Advice if you want it
Recall I started out as a Data Scientist, mostly focused on analytics. I worked for a really cool startup called Scoop that got decimated by the COVID pandemic and resulted in a mass layoff (around 80%) of the company, including the total dissolution of the Analytics team, but not the Engineering team.
It was then I realized that as an analyst, I could never be employee #1 at a startup, I could never start from zero. And that made me feel jealous of those people who could, and afraid of what I then perceived as my relative unimportance to the organization’s core function1. I very badly did not want to feel that way again and so I started this journey I’ve now told you about in two parts.
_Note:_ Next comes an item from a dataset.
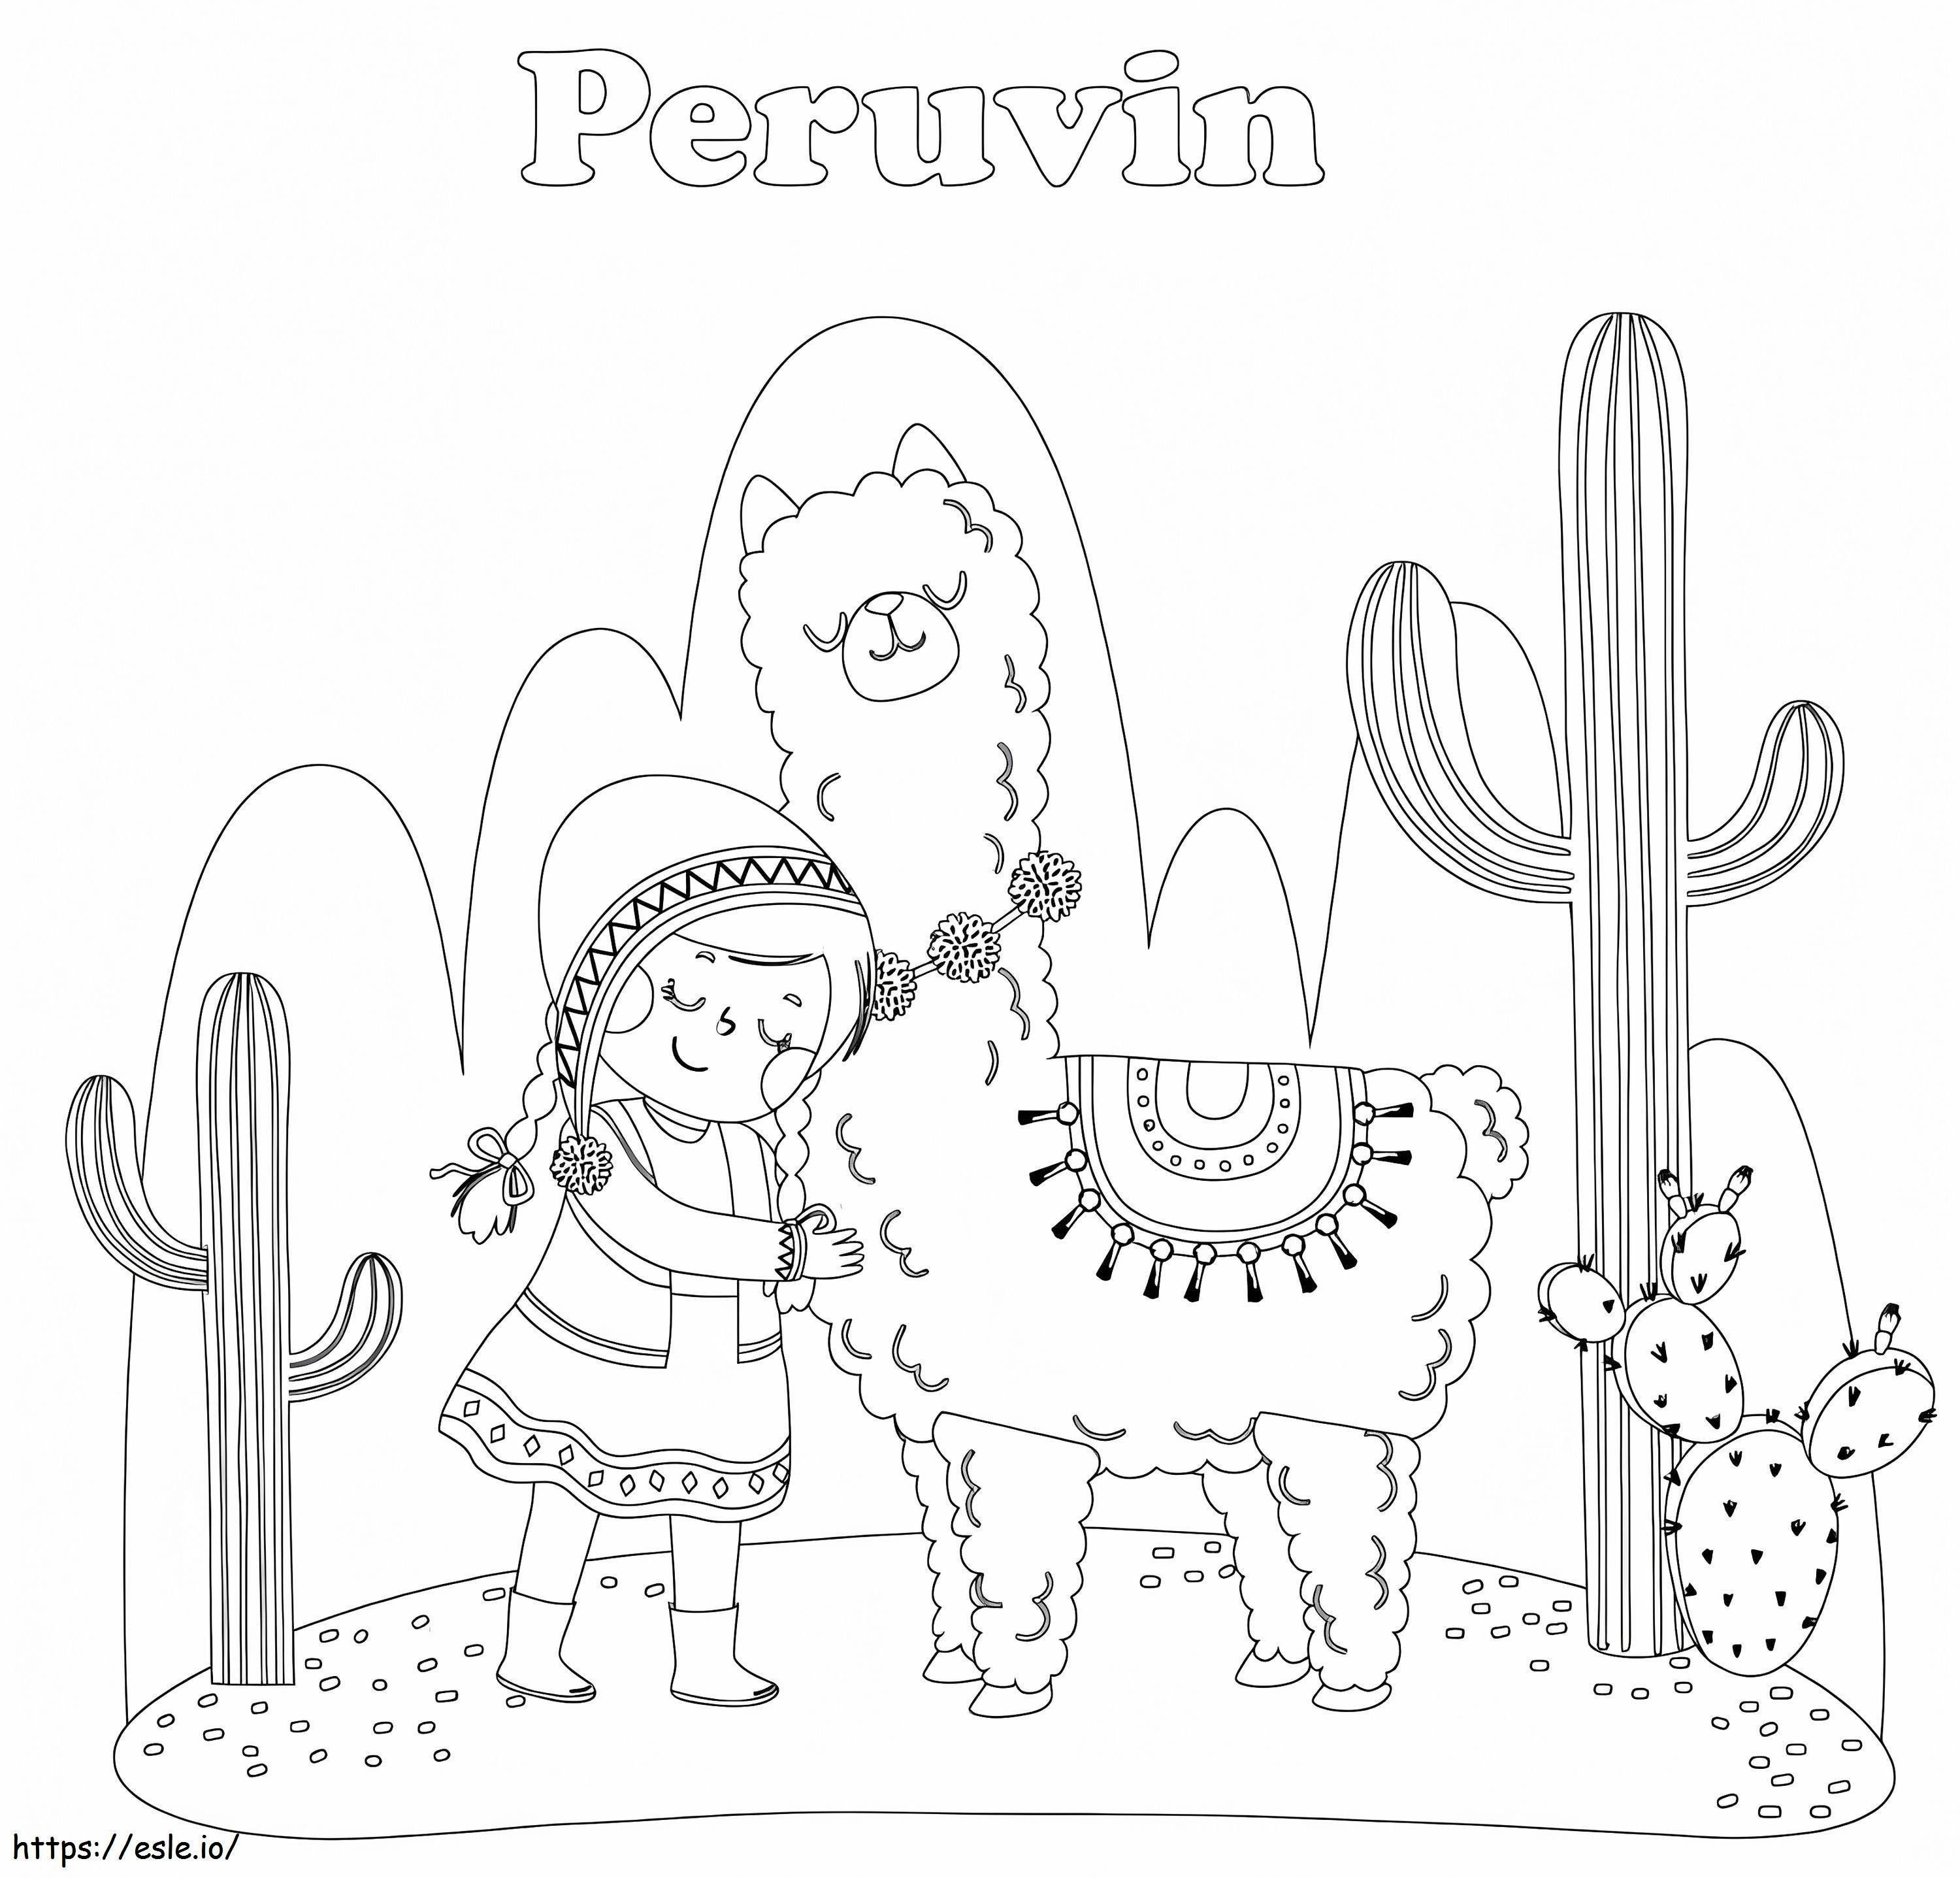 Peruwin kolorowanka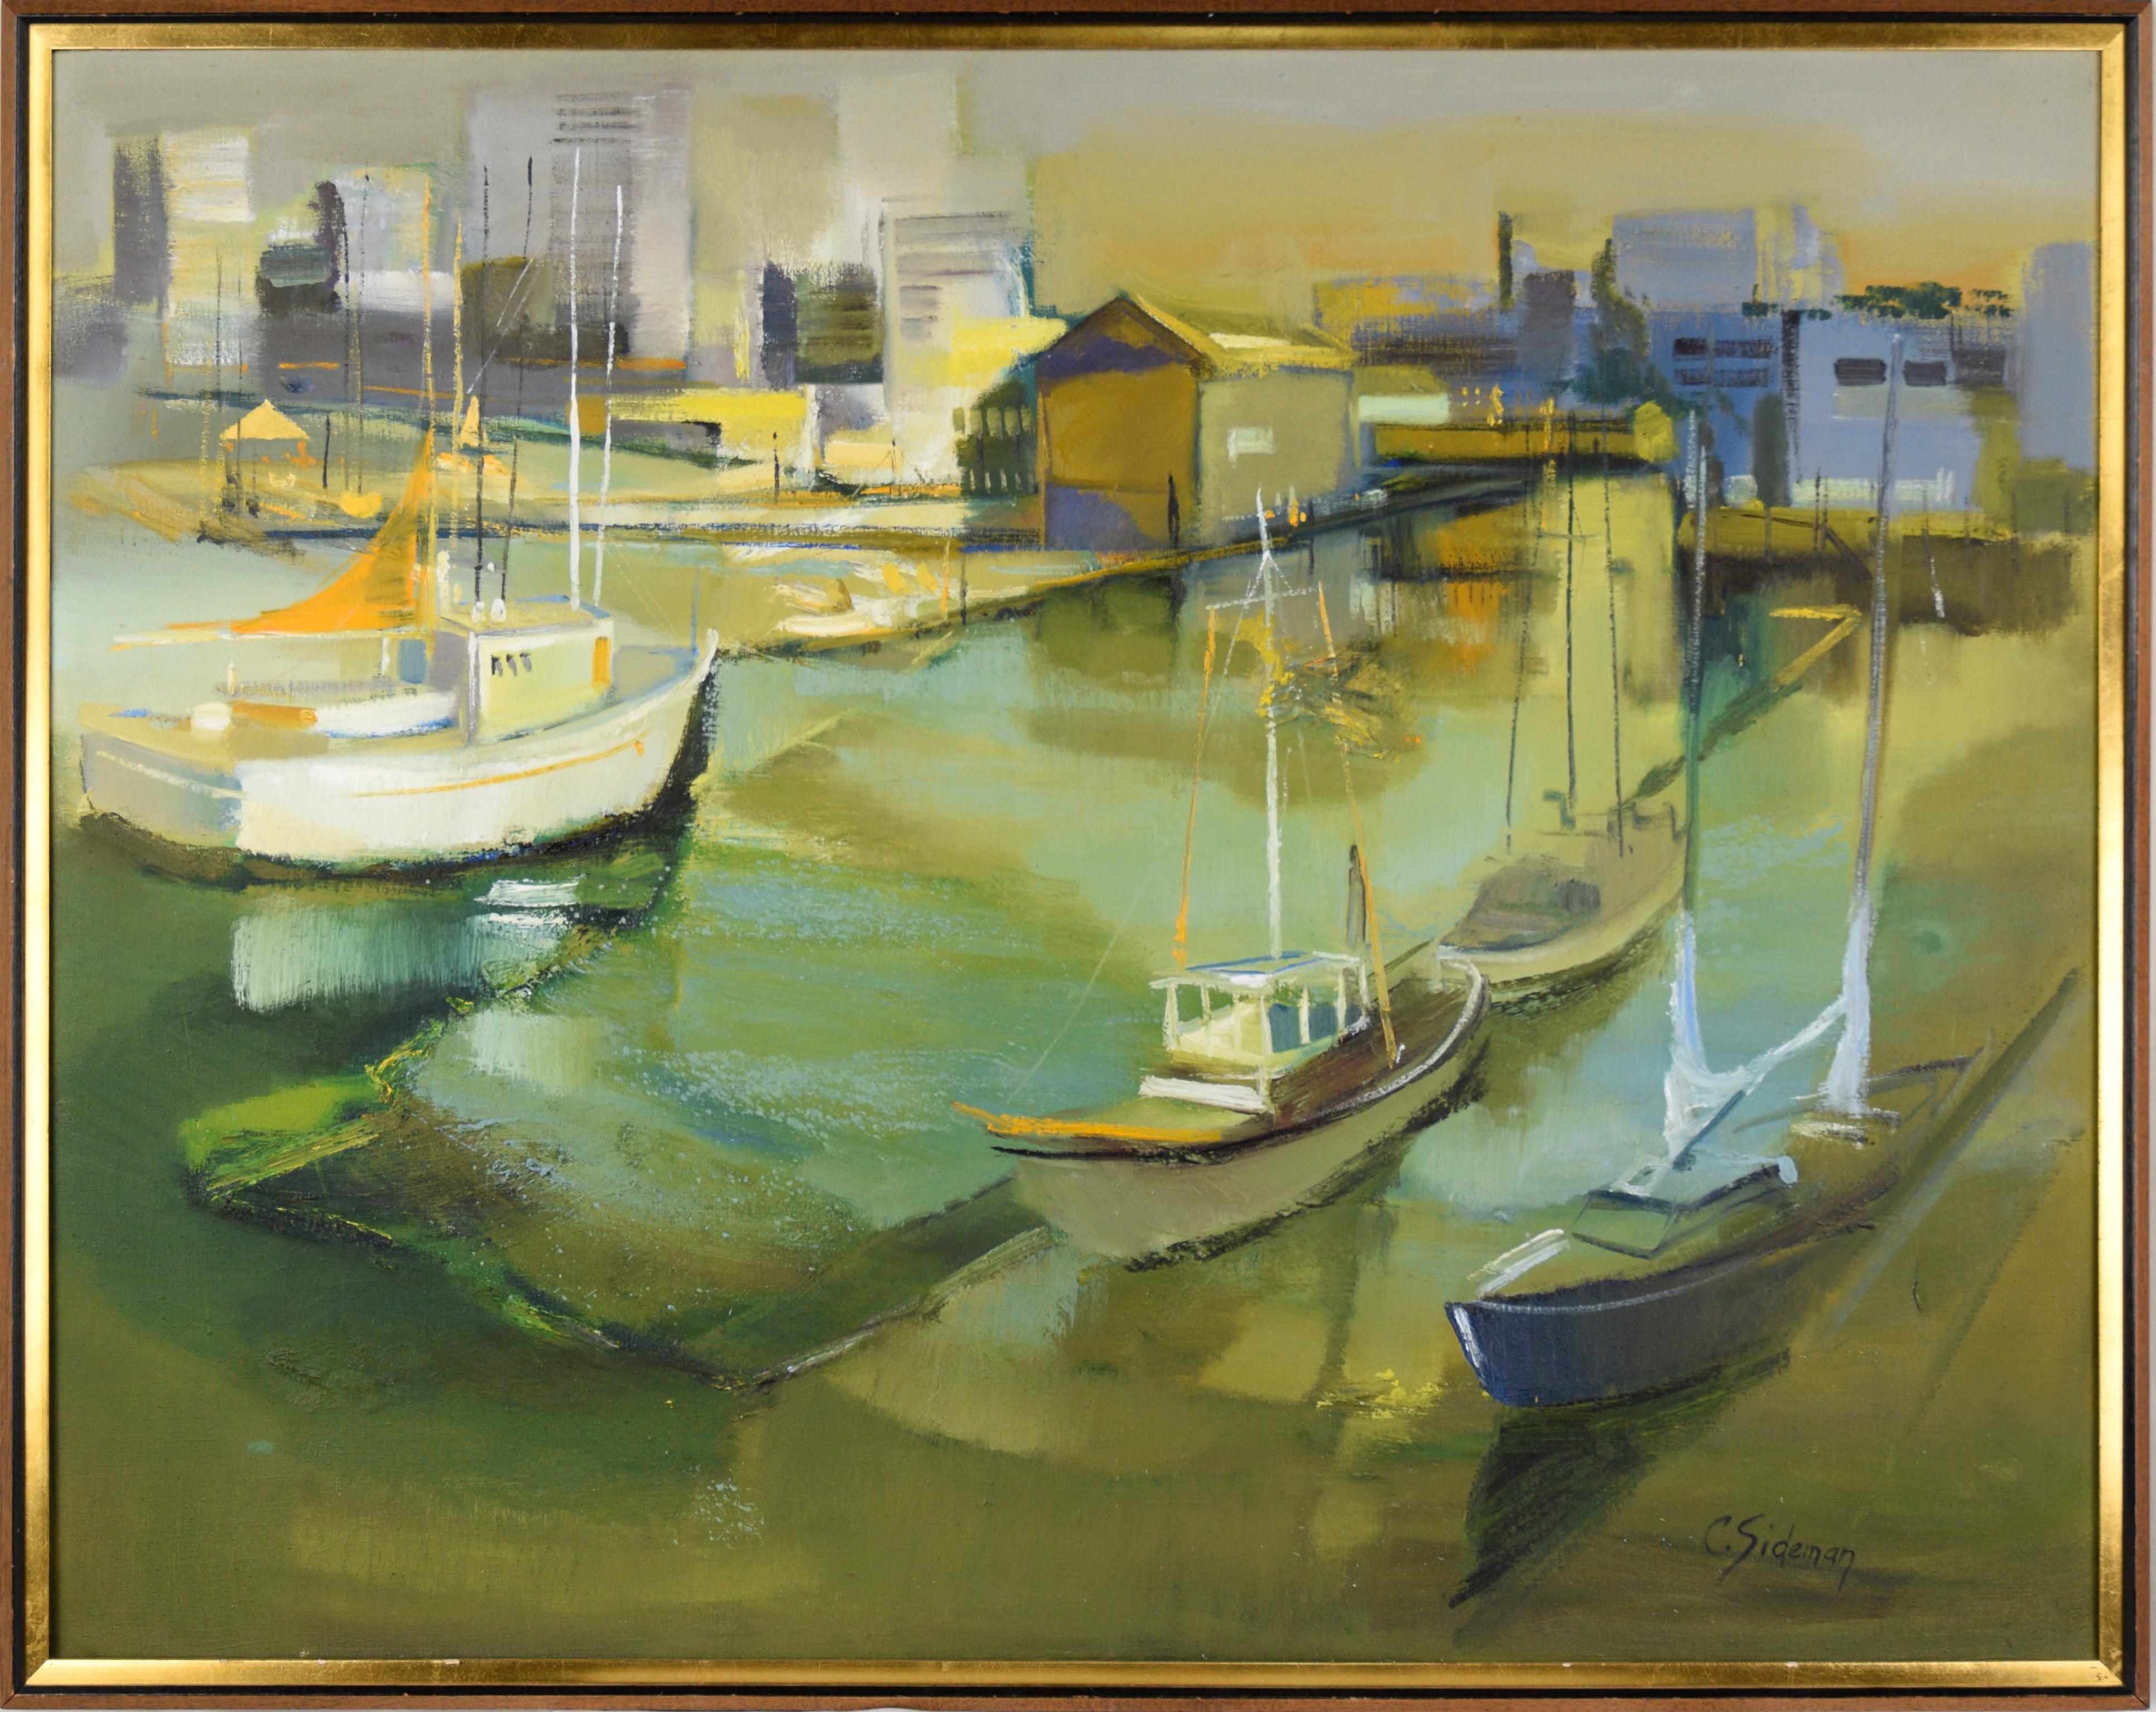 Carol Sideman Landscape Painting - "City Harbor" Mid Century Modern Oakland Seascape in Oil on Linen

It was not easy and it was not linear. There were periods of stagnation where my job required me to keep doing the same kind of work that I did not feel like I was learning much from anymore, but I was persistent and continued to emphasize what my goals were to my managers over the years. Eventually that paid off as as persistence intersected opportunity and so when the org needed someone to make a technical transition, they found me.
The journey has also not been painless. Every time I went from Researcher to Analyst to ML Practitioner to Engineer I was gripped by the same fear and the same thought “maybe this is where I top out”, “maybe I’m just not cut out for this next challenge.” That fear would last a certain amount of time, I’d ship something or enough things to prove to myself I could do the new job (and prove to my boss I didn’t need to be fired), and slowly from there my confidence would improve.
Reassuringly these fear cycles also got shorter and shorter with each step I took: when I first started doing ML I worried for about a quarter but as an Engineer that doubt only held me for a little over a month. Also just remember that imposter syndrome is something everyone experiences, overcoming it is just part of the job.
Summing up
So no it was not easy but the view was worth the climb2 and I’d recommend it to anyone.
My journey is certainly not over, but I feel I’ve sufficiently broadened my skills that I can tackle enough problems without feeling out of my depth (and if I get anymore T-shaped at this point I’ll eventually just become a 2-D plane). Now I get to start going deeper and digging in on subjects I too hastily ran past during this 4+ year journey.
I come away feeling grateful for how well rounded I now feel having worn so many hats over time, and feeling grateful to everyone who gave me a shot to take the next step up the ladder; something I feel is becoming increasingly rare in tech as credentialing has become more important.
I am NOT saying analysts or analytics as a discipline is unimportant! I am just describing how I felt at the time I was laid off and the fear that motivated me to keep learning.
Aphorism attributed to John Stevenson.